Ivan Slutsky

Free agent
- Position: Shooting guard / small forward

Personal information
- Born: January 4, 1997 (age 28) Moscow, Russia
- Nationality: Russian
- Listed height: 2.01 m (6 ft 7 in)
- Listed weight: 82 kg (181 lb)

Career information
- NBA draft: 2019: undrafted
- Playing career: 2015–present

Career history
- 2015–2017: Khimki B
- 2017–2018: FMP
- 2018: Metalac
- 2019–2020: Urartu Vivaro

= Ivan Slutsky =

Russian basketball player

Ivan Mikhaylovich Slutsky (Иван Михайлович Слуцкий; born January 4, 1997), also credited as Slutskii, is a Russian professional basketball player.

== Playing career ==
Slutsky played for the Khimki B team. Also, he previously played for their cadet and junior team.

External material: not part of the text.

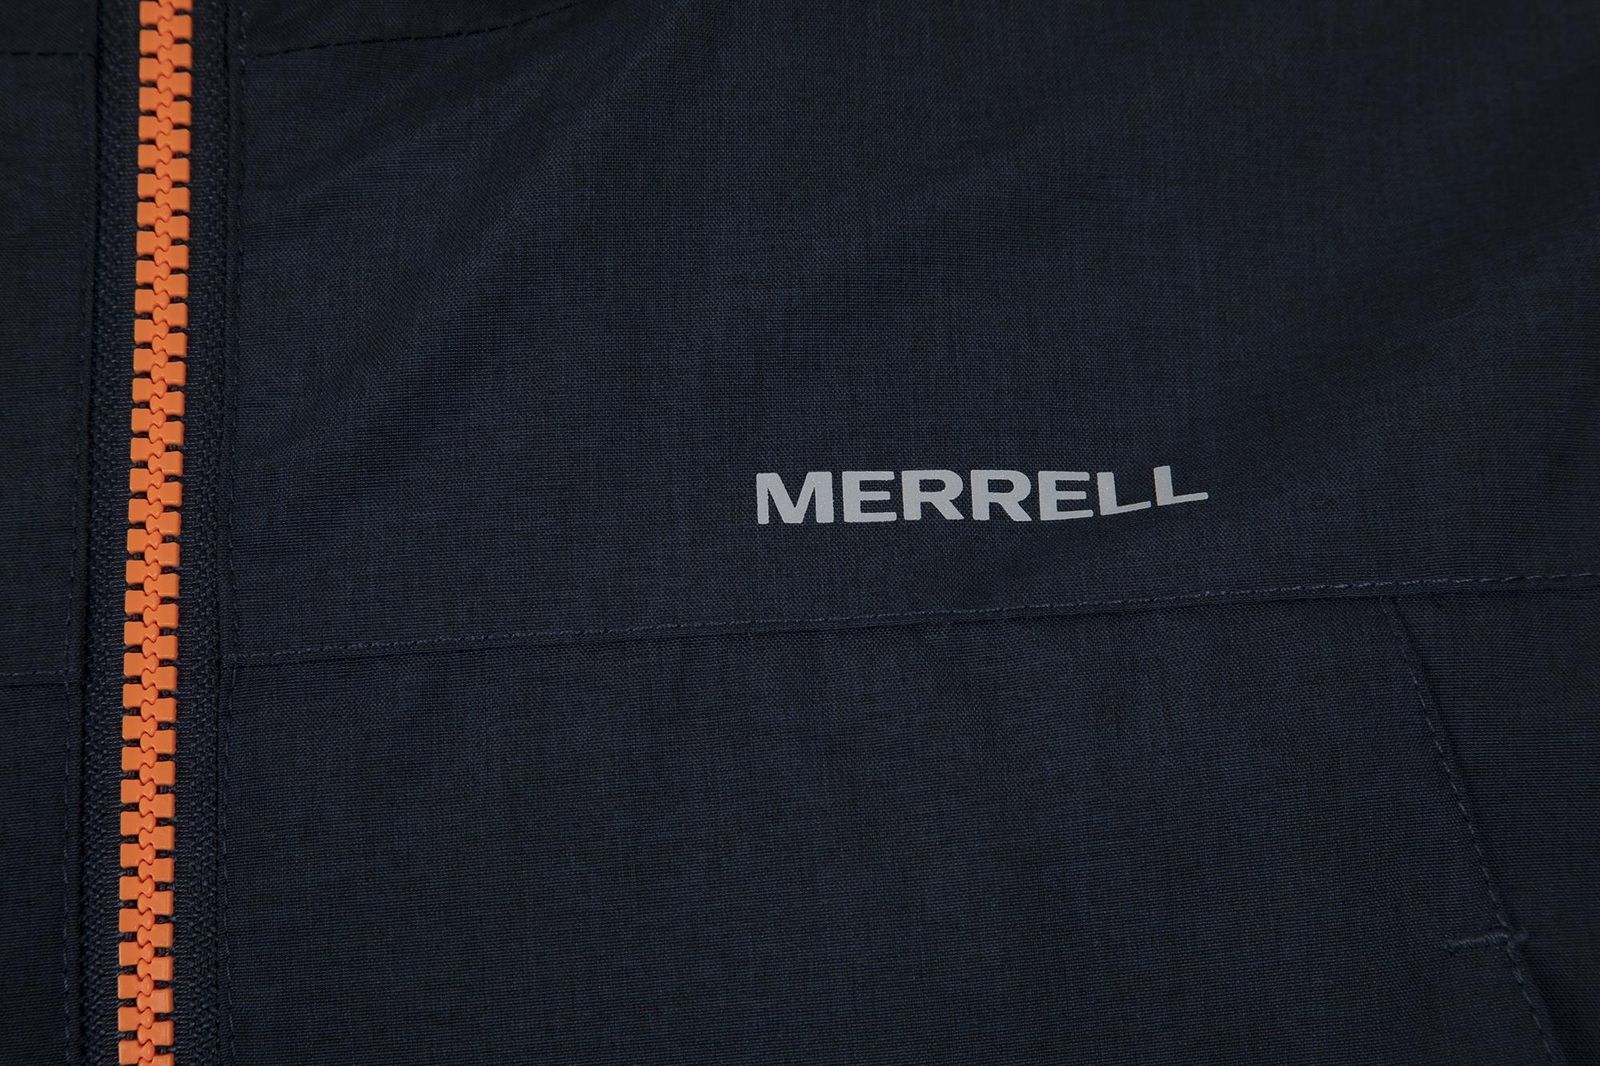   Merrell Men's Windbreaker, : -. S19AMRJAM04-Z4.  48

On August 23, 2017, Slutsky signed a multi-year deal with Serbian club FMP. He is the first ever Russian player to join FMP. He made his Adriatic League debut for FMP on February 5, 2018, in a game against the Crvena zvezda mts where he played 10 minutes and scored 2 points. He left the team in August 2018.

== International career ==
Slutsky was a member of the Russia national under-16 and under-18 team.